Anger as Rabbitte says pylon plan won't be changed 'at whim'
A MAJOR row is brewing within Labour after Communications Minister Pat Rabbitte said the roll-out of the Grid Link pylon plan would not be changed "at the whim of some passing fashion".
Mr Rabbitte dismissed fresh calls from anti-pylon campaigners to abandon the plan to construct hundreds of kilometres of overhead power lines from Cork to Wexford.
Amid furious calls from within his own party to run the power lines underground, Mr Rabbitte rejected claims from the anti-pylon groups that the power lines were not needed.
"I'm afraid that is not the case. A few short years ago we were on a knife edge in terms of capacity to supply energy.
"The best technical minds in the country have been applied to the issue and they say we have to build out the grid," he said.
Under the plans for Grid Link, a 250km high-voltage overhead power line would be built through counties Cork, Waterford, Wexford and Wicklow, including a network of hundreds of pylons.
EirGrid said the €500m project would ensure a high-quality electricity supply for the south and east and provide a platform for job creation.
Writing in today's Irish Independent, Labour senator John Whelan says that Taoiseach Enda Kenny "waded in with both feet" when he suggested that young people would have to emigrate if the pylons were not built.
"Kenny's attempt at linking the two highly emotive issues of pylons and emigration will come back to haunt him and the Government with a vengeance in the months ahead.
"His comments are pathetic, really, and would be laughable if the issue was not so serious.
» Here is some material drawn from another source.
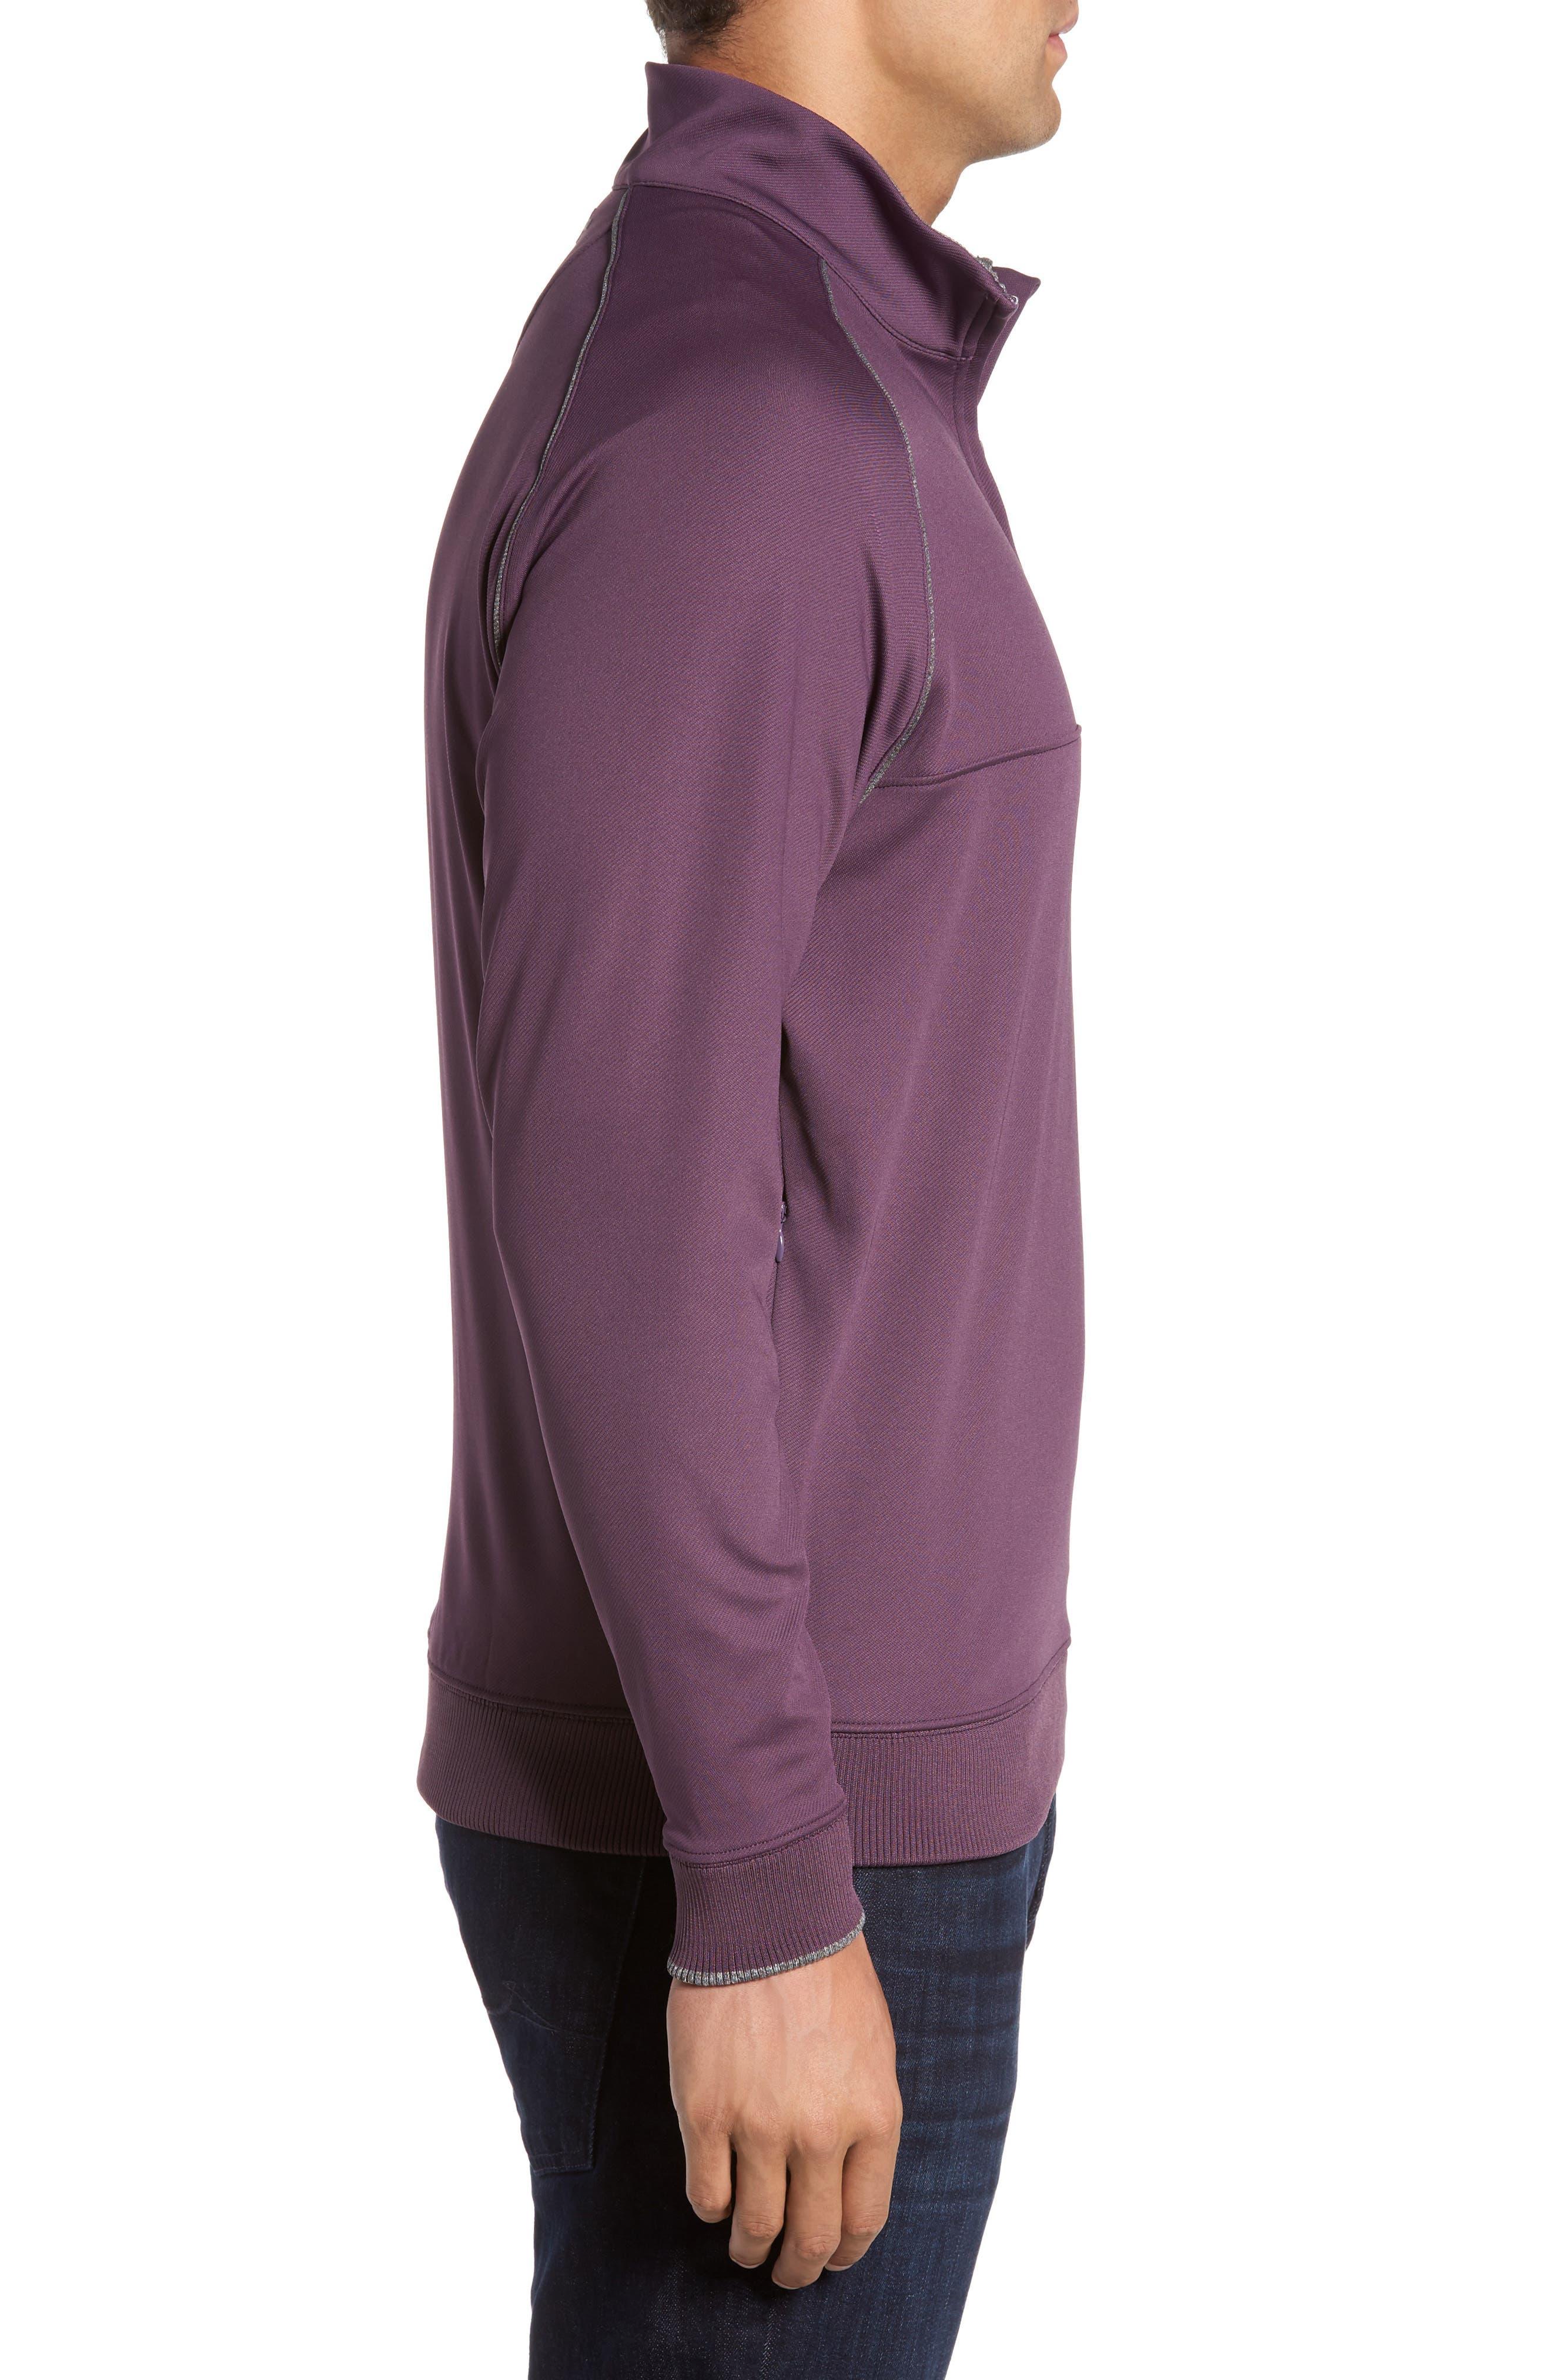 XH20 Banded Bottom Pullover,                             Alternate thumbnail 3, color,                             Blackberry

There is a whiff of panic to it, more daring and misleading spin from the intrepid duo of Messrs Kenny and Bruton that previously brought us the Senate abolition referendum debacle."
However, Mr Rabbitte sought to defend controversial comments which Mr Kenny made while in Saudi Arabia: "I think the point the Taoiseach was making is that if you are going to have social progress and economic development in the regions of Ireland, then you must have a power system that is capable of delivering energy to the regions of Ireland in order to maintain employment."
Earlier, the Labour's MEP for Ireland South, Phil Prendergast, accused Mr Kenny of using the unemployed as "bait to encourage people to accept the proposals".
Speaking on RTE's 'Today with Sean O'Rourke', Ms Prendergast said she would not be happy to have pylons placed anywhere near people's homes.
For its part, EirGrid said it would now use the public comments to evaluate the corridor options and choose the least constrained corridor.
The 'least constrained corridor' is the corridor that achieves the most acceptable balance between competing constraints while meeting the needs of the project.
"As we have stated previously, we expect to be able to identify the least constrained corridor in mid-2014," an EirGrid spokesman said.
Responding to calls from Labour Party chairman Jack Wall and Senator Denis Landy for a cost-benefit analysis to be conducted, EirGrid said it noted recent calls for a cost comparison in relation to undergrounding.
"EirGrid will consider all feedback received as part of the consultation process. We will assess the issues raised through the consultation process and seek to address them in a fair and transparent way," the spokesman said.
Fianna Fail jobs spokesman Dara Calleary said Mr Kenny's linking of the pylon issue to emigration was "outrageous". Mr Kenny and Mr Rabbitte showed just how "out of touch this Government has become", he said.
"It clearly demonstrates that the Government has absolutely no intention of taking on board the genuine concerns of communities and intends to just press ahead with the large-scale construction of overhead lines regardless of any objections," he added.